Data is automatically marshalled and unmarshalled in and out of the plugin. Users should mostly implement the flytekit.core.base-task.PythonTask API defined in Flytekit.

Flytekit plugins are lazily loaded and can be released independently like libraries. The naming convention is flytekitplugins-*, where * indicates the package to be integrated into Flytekit. For example, flytekitplugins-papermill enables users to author Flytekit tasks using Papermill.
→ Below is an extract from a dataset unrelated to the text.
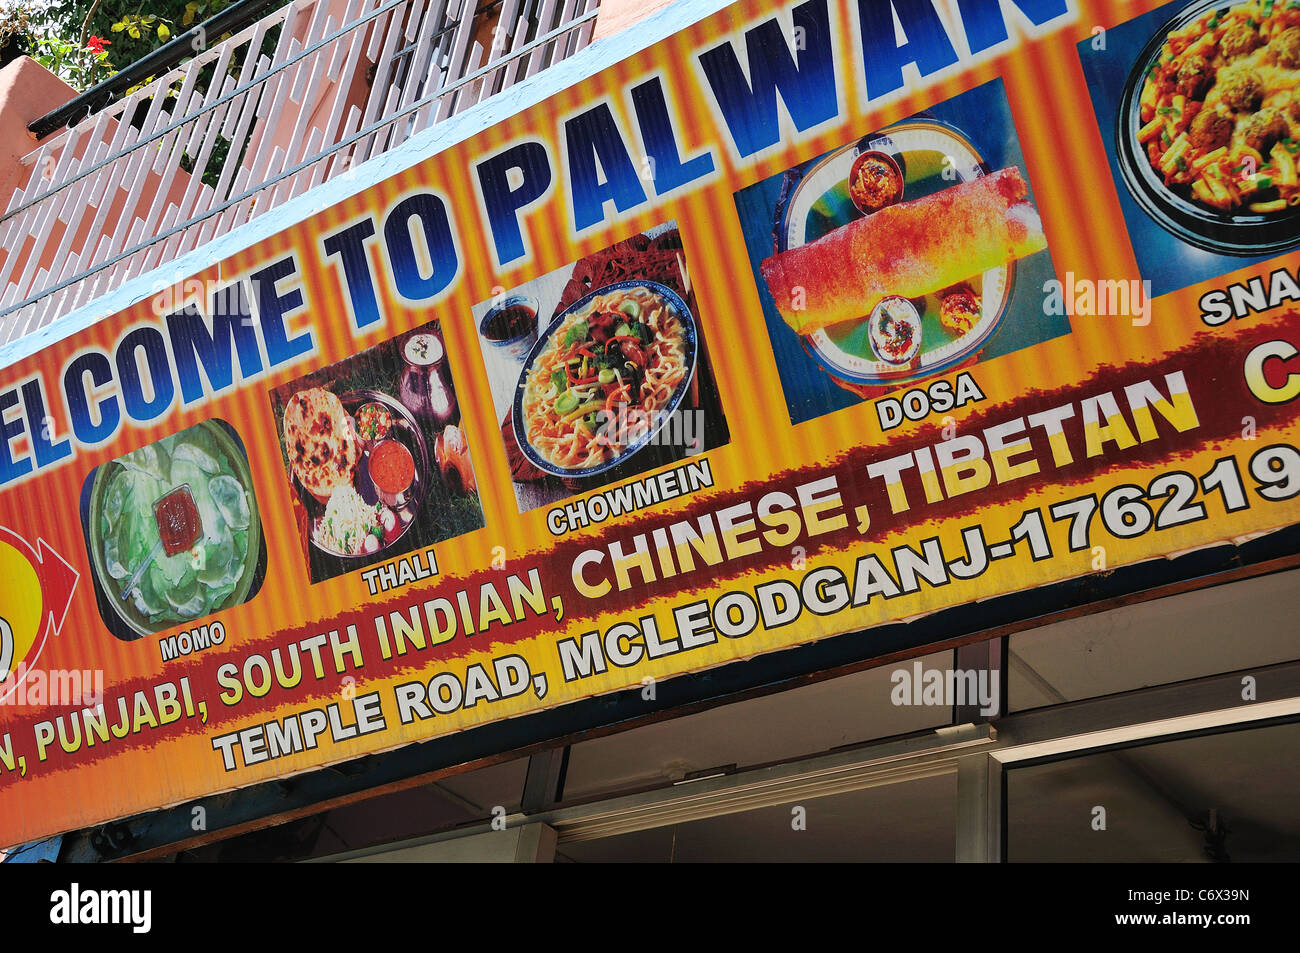 Restaurant sign board at McLeod Ganj. - Stock Image
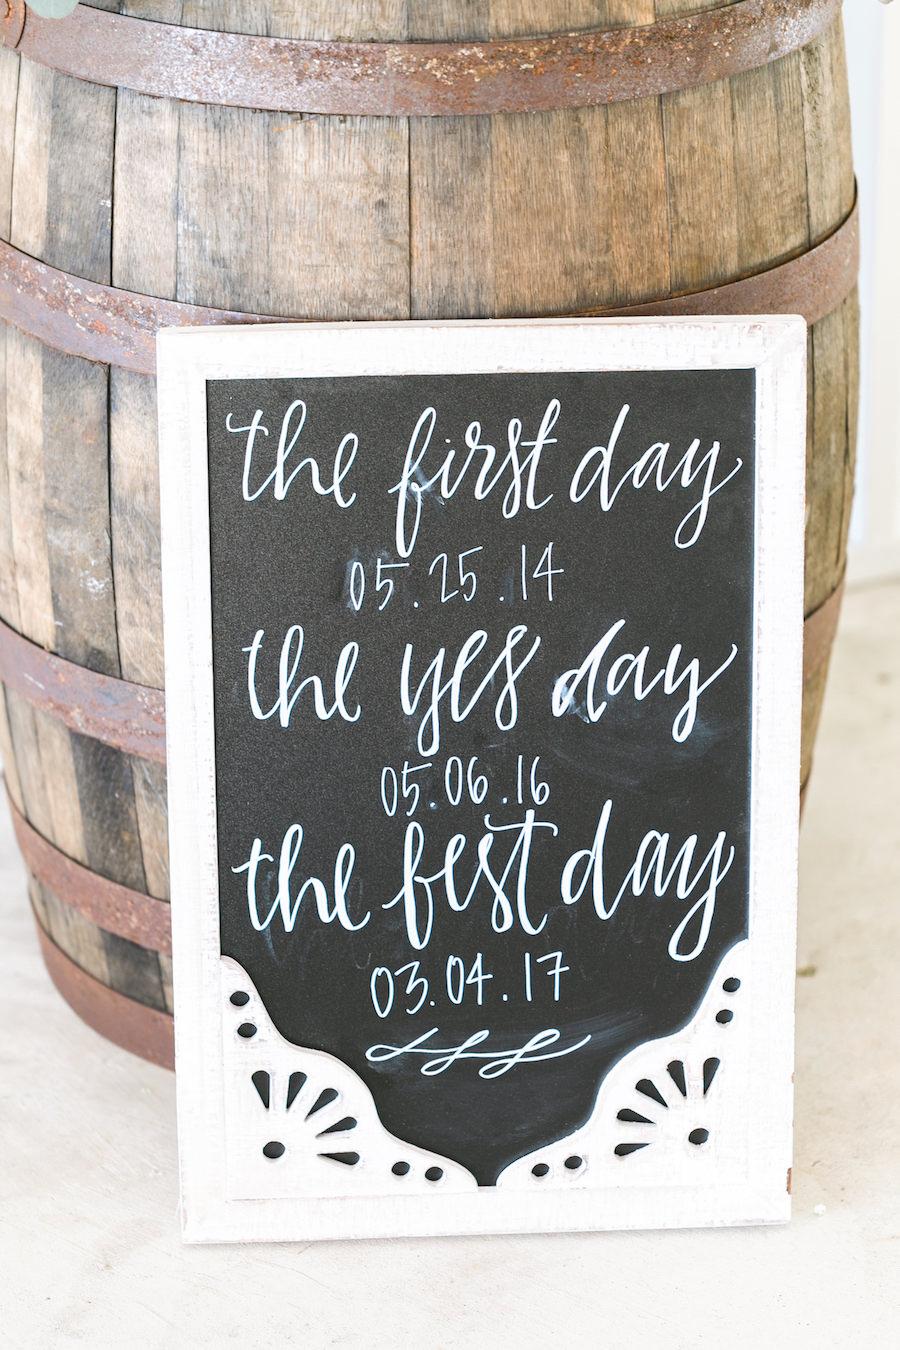 Wedding Reception Chalkboard Sign with Oak Barrel   Rustic, Country Wedding Inspiration

You can find the plugins maintained by the core Flyte team here.

Native backend plugins

Native backend plugins can be executed without any external service dependencies because the compute is orchestrated by Flyte itself, within its provisioned Kubernetes clusters.

Plugin	Description
Kubeflow PyTorch	Run distributed PyTorch training jobs using `Kubeflow`.
Kubeflow TensorFlow	Run distributed TensorFlow training jobs using `Kubeflow`.
Kubernetes cluster Dask jobs	Run Dask jobs on a Kubernetes Cluster.
Kubernetes cluster Spark jobs	Run Spark jobs on a Kubernetes Cluster.
MPI Operator	Run distributed deep learning training jobs using Horovod and MPI.
Ray	Run Ray jobs on a K8s Cluster.

External service backend plugins

As the term suggests, these plugins rely on external services to handle the workload defined in the Flyte task that uses the plugin.

Plugin	Description
AWS Athena	Execute queries using AWS Athena
AWS Batch	Running tasks and workflows on AWS batch service
Flyte Interactive	Execute tasks using Flyte Interactive to debug.
Hive	Run Hive jobs in your workflows.

Enabling backend plugins

To enable a backend plugin, you must add the ID of the plugin to the enabled plugins list. The enabled-plugins is available under the tasks > task-plugins section of FlytePropeller’s configuration. The plugin configuration structure is defined here. An example of the config follows:

        
    
tasks:
  task-plugins:
    enabled-plugins:
      - container
      - sidecar
      - k8s-array
    default-for-task-types:
      container: container
      sidecar: sidecar
      container_array: k8s-array

Finding the ID of the backend plugin

To find the ID of the backend plugin, look at the source code of the plugin. For examples, in the case of Spark, the value of ID is used here, defined as spark.

Flyte operators

Flyte can be integrated with other orchestrators to help you leverage Flyte’s constructs natively within other orchestration tools.

Operator	Description
Airflow	Trigger Flyte executions from Airflow.